Дягилев и его окружение были от меня, как и от всей труппы, безмерно далеки, недосягаемы, и я не смел и думать о том, чтобы к ним приблизиться: я только видел их издали и робко благоговел перед Сергеем Павловичем – так робко, что, конечно, он не мог и догадываться о моём благоговейном трепете. Когда мне случалось с ним встречаться, я дрожал и боялся попасться ему на глаза. Не мог слиться я и с труппой Русского балета, как слилась с нею, влилась в неё моя киевская группа – братья Хоэры, Лапицкий и Унгер: если Дягилев и его окружение были слишком высоки и недоступны для меня, то труппа Русского балета мало меня притягивала к себе своей – как мне тогда казалось – некультурностью. Технически, профессионально, в том, что касалось ремесла, труппа стояла исключительно высоко и, вне всякого сомнения, занимала первое место в мире; вне ремесла она была совсем не такой, как мне рисовалось в Киеве. В ней царствовали ещё какие-то крепостнические начала, артисты посылали мальчиков из кордебалета за папиросами и за пивом – совсем как ремесленники своих подмастерьев! Вся эта большая коммуна варилась в собственном соку и вне репетиций и спектаклей занималась сплетнями и самым примитивным флиртом; к счастью ещё, в нашей труппе, благодаря, может быть, недоступности художественной дирекции, совершенно отсутствовали интриги и подкапывания друг под друга.

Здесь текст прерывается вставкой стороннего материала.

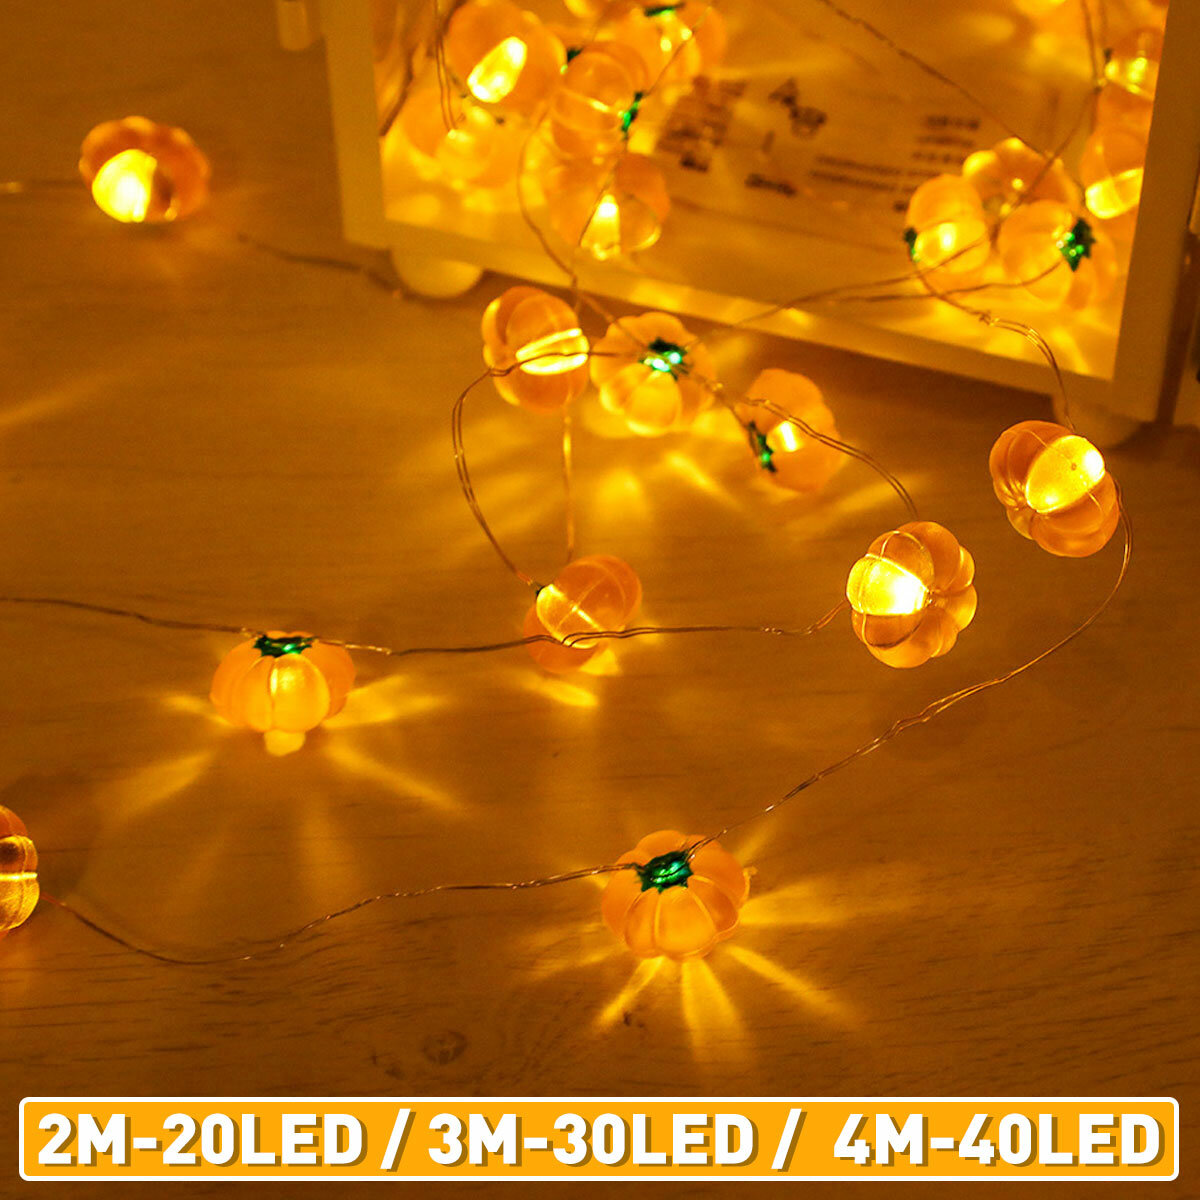 

2M/3M/4M LED Pumpkin String Light 8 Modes Waterproof Outdoor Party Holiday Fairy Lamp for Garden Home Decor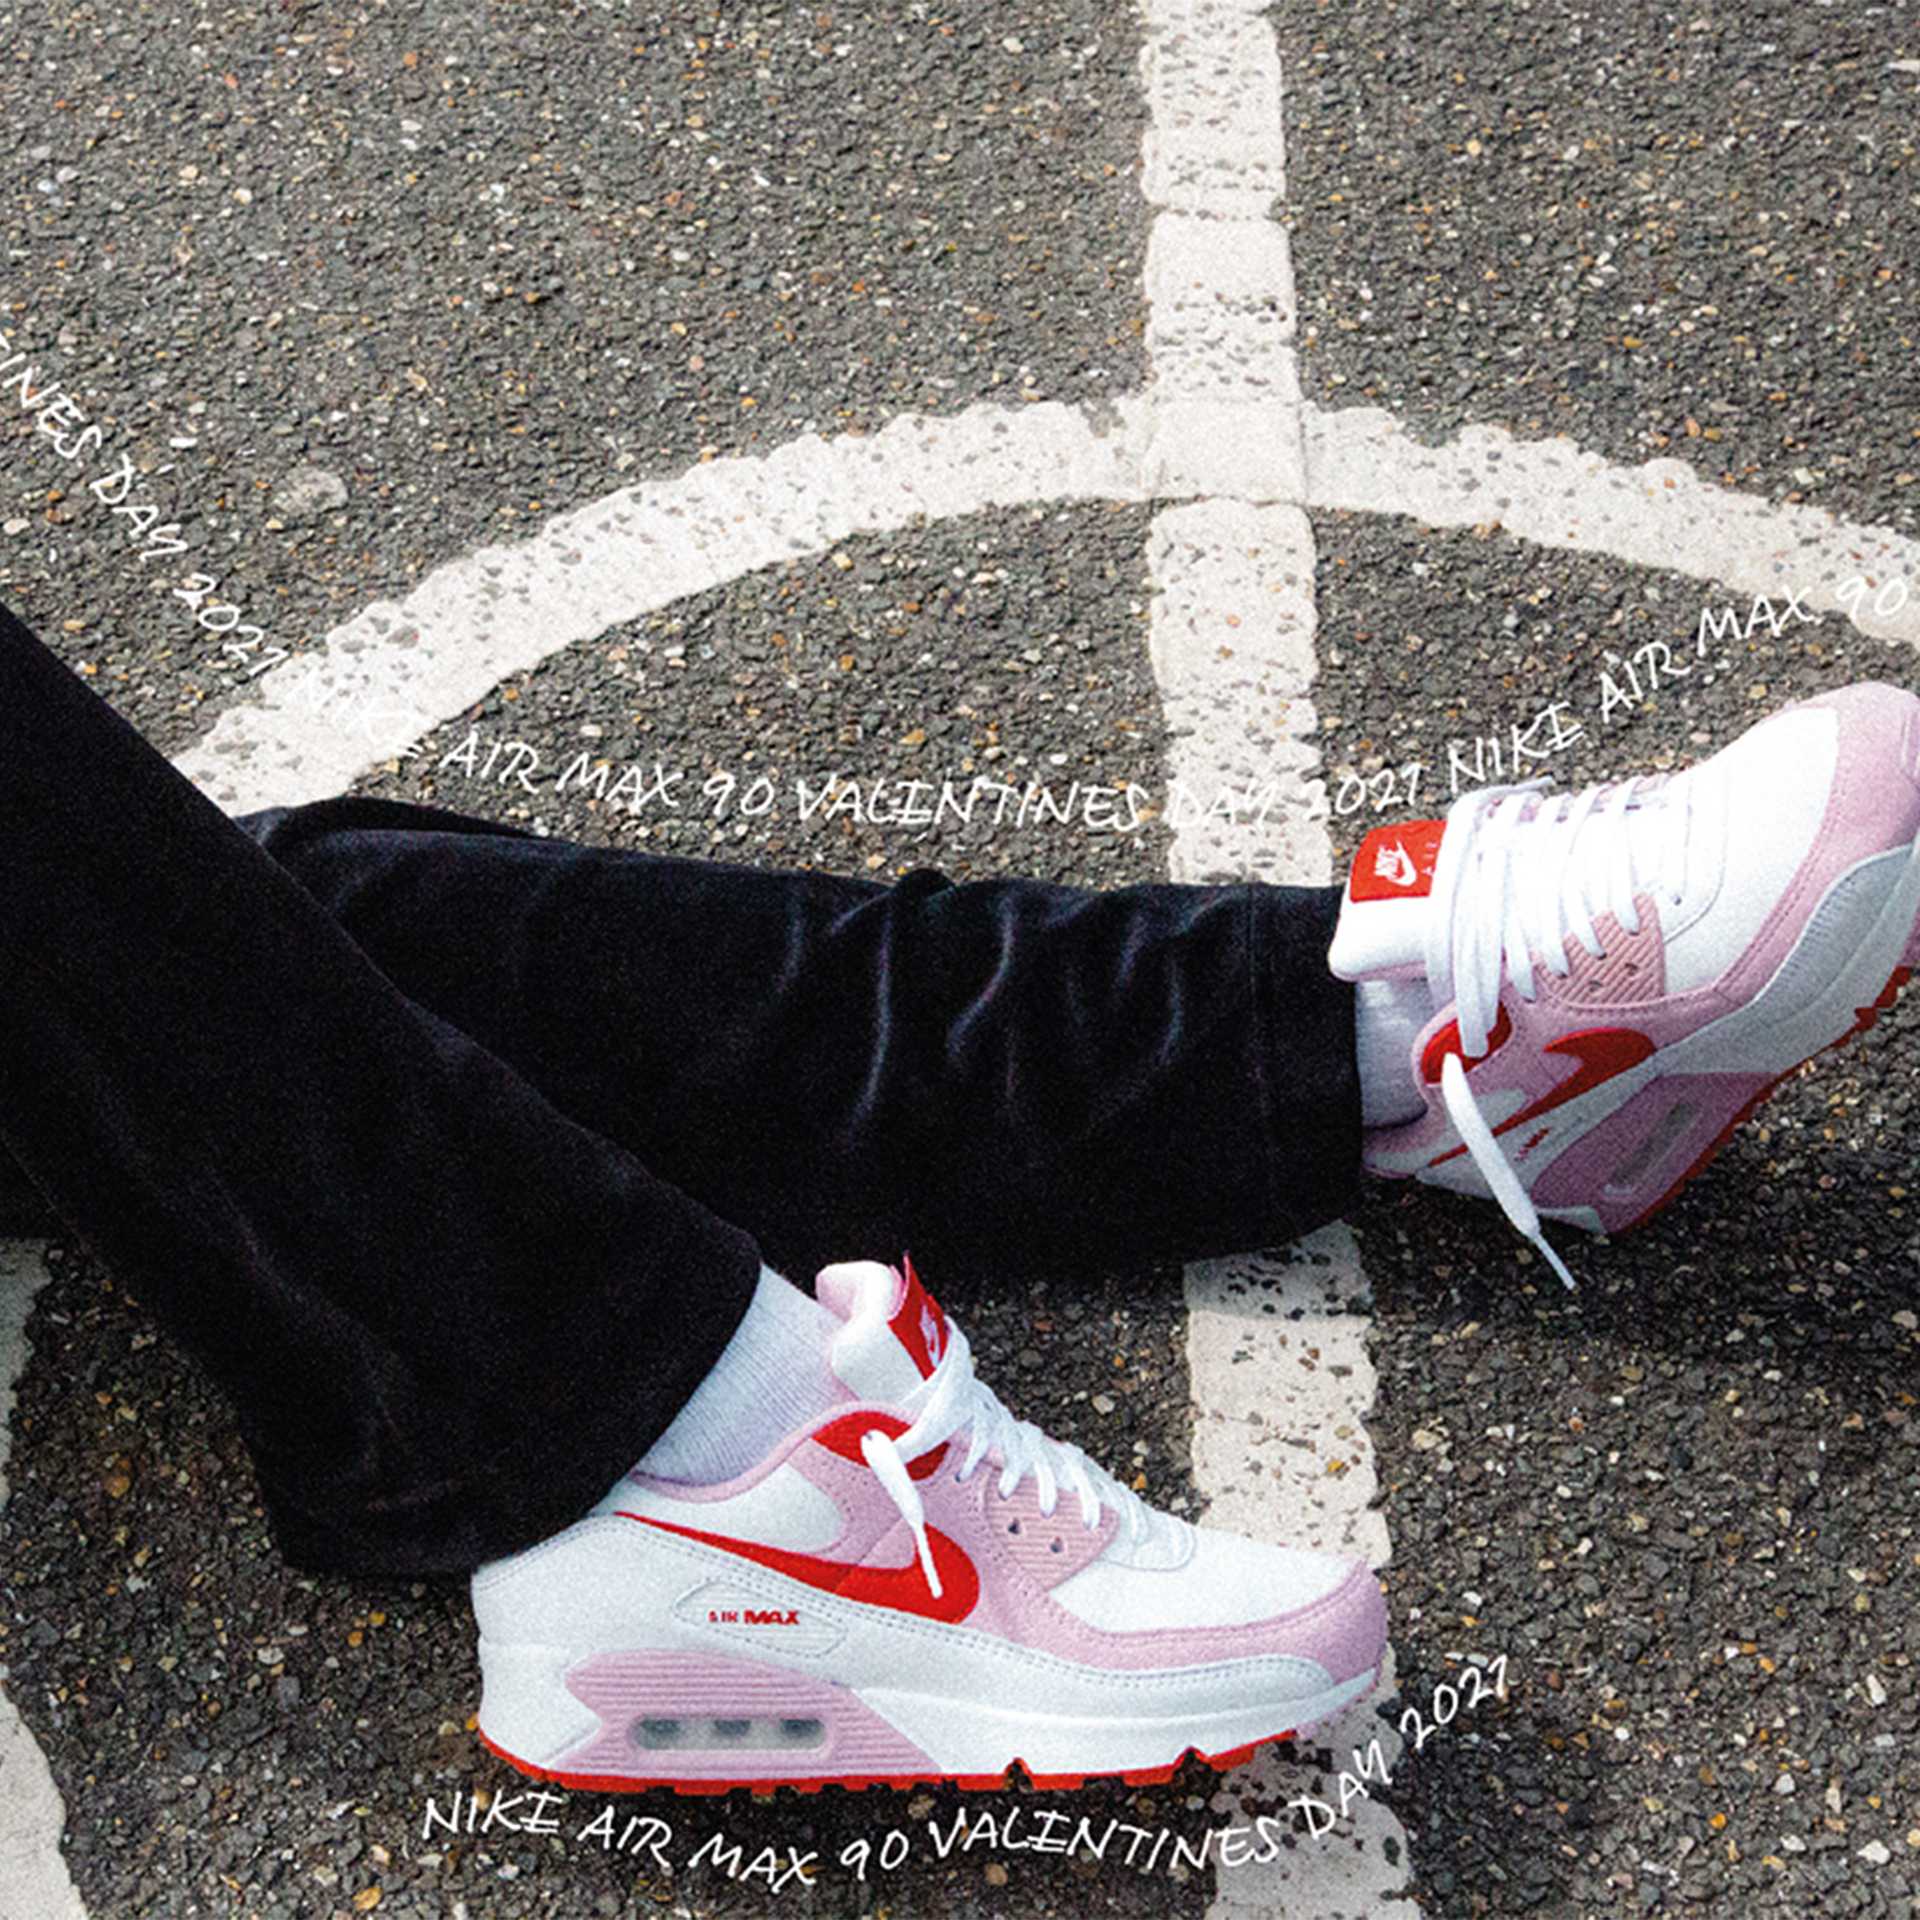 Nike Air Max 90 Valentines Day

В труппе случалось событие, когда какой-нибудь танцовщице удавалось найти себе мужа и она уходила из балета; ещё более крупным событием было поступление новой танцовщицы или нового танцовщика: о новичке надо было всё узнать, о нём судили и рядили, выспрашивали его и довольно-таки бесцеремонно залезали к нему в душу. Совсем другое представление было у меня о жрецах и жрицах моего любимого искусства… Только много позже я понял, что частые путешествия-турне по миру и хоть очень далёкое, но все же существовавшее влияние художественной дирекции выделяли наш балет среди всех трупп, и он был уж совсем не таким некультурным, как мне это казалось на первых порах под влиянием моей киевской мечты о каком-то особенном дягилевском балете.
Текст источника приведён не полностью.